Based as it is on the 1925 Pulitzer Prize novel by Sinclair Lewis, Lewis always has a political or "peoples' advocacy" point to his fiction, & his declined Pulitzer & his Nobel Prize notwithstandng, he was not a good writer of fiction but only of politics.
John Ford has attempted to find the story, & Coleman has attempted to play the character, but it does remain rather more politics than fiction.
The film like the novel becomes an indictment of scientific process. When Arrowsmith decides to pretend to treat half his patients, & to actually treat only the other half for comparison, this is how it is really done even today. Treatments can only be assessed by comparison to a control group of the untreated.
Quite some while back I worked as an editor of medical papers in a research hospital at the University of Washington, & can attest to the diminished humanity of research physicians. They harden themselves first to the torture of animals for the sake of science & then very easily transfer to people what they learned about lack of compassion & ease of torture.

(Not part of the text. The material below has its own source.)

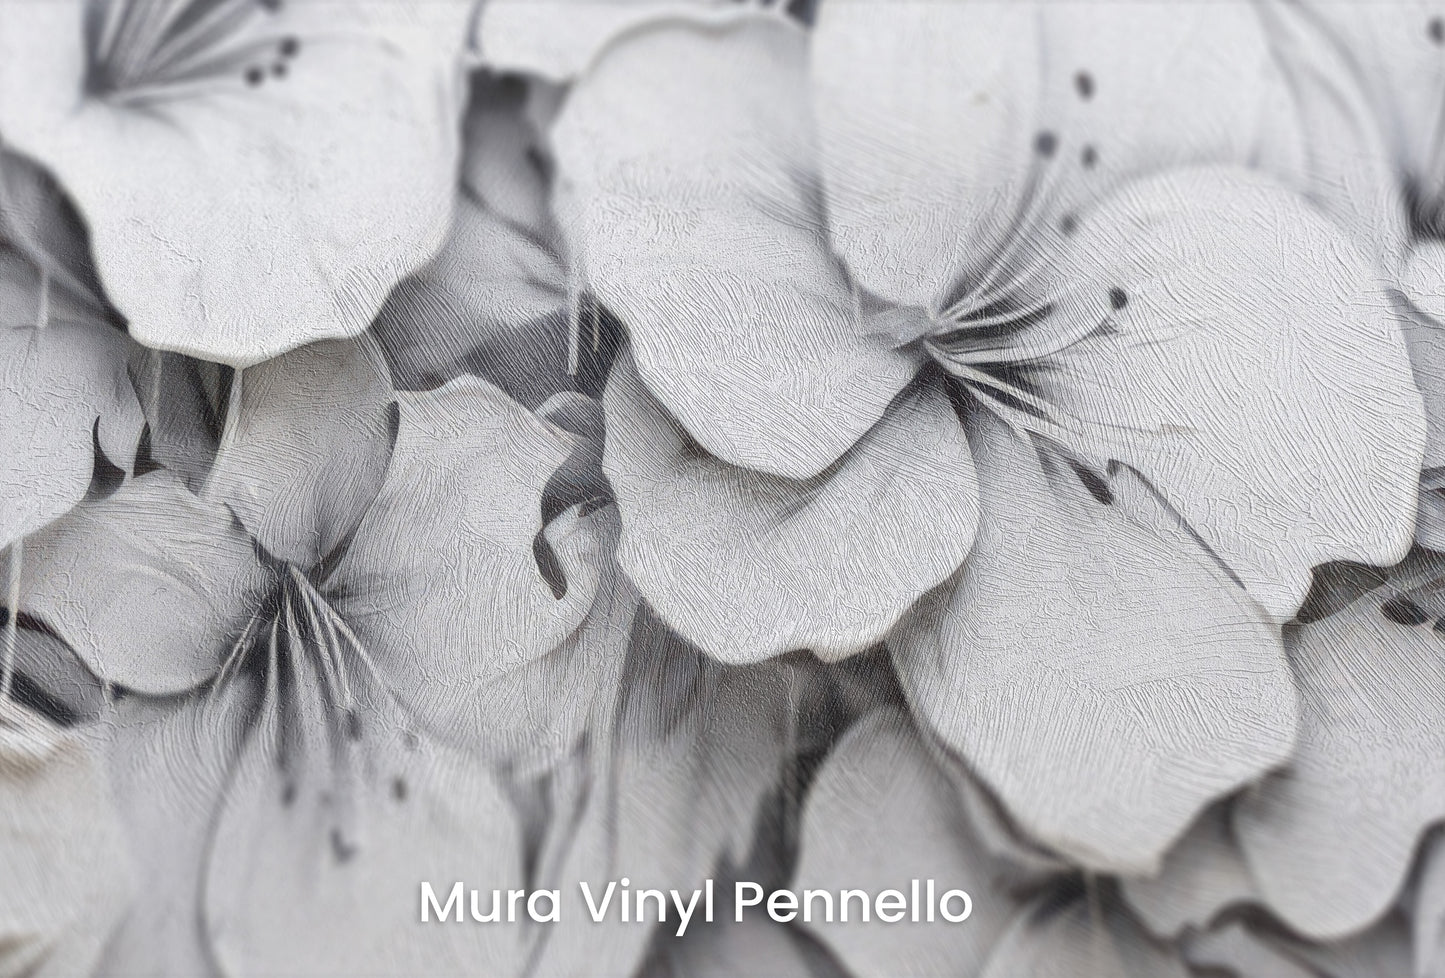 Zbliżenie na artystyczną fototapetę o nazwie CASCADE OF WHITES na podłożu Mura Vinyl Pennello - faktura pociągnięć pędzla malarskiego.

They lose no sleep over doubleblind studies conducted on the desparately ill, embracing the falsehood that uninsured uneducated white trash who had no other option for treatment understood full well that the odds were fifty-fifty the doctor was only pretending to be giving valuable care while watching their disease progress untreated.
It's an interesting nazistic dilemma built into the system, & it's surprising that it is so rarely the subject of art, film, literature, or even just plain activism. And while Arrowsmith is not a completely successful film, it is certainly thought provoking.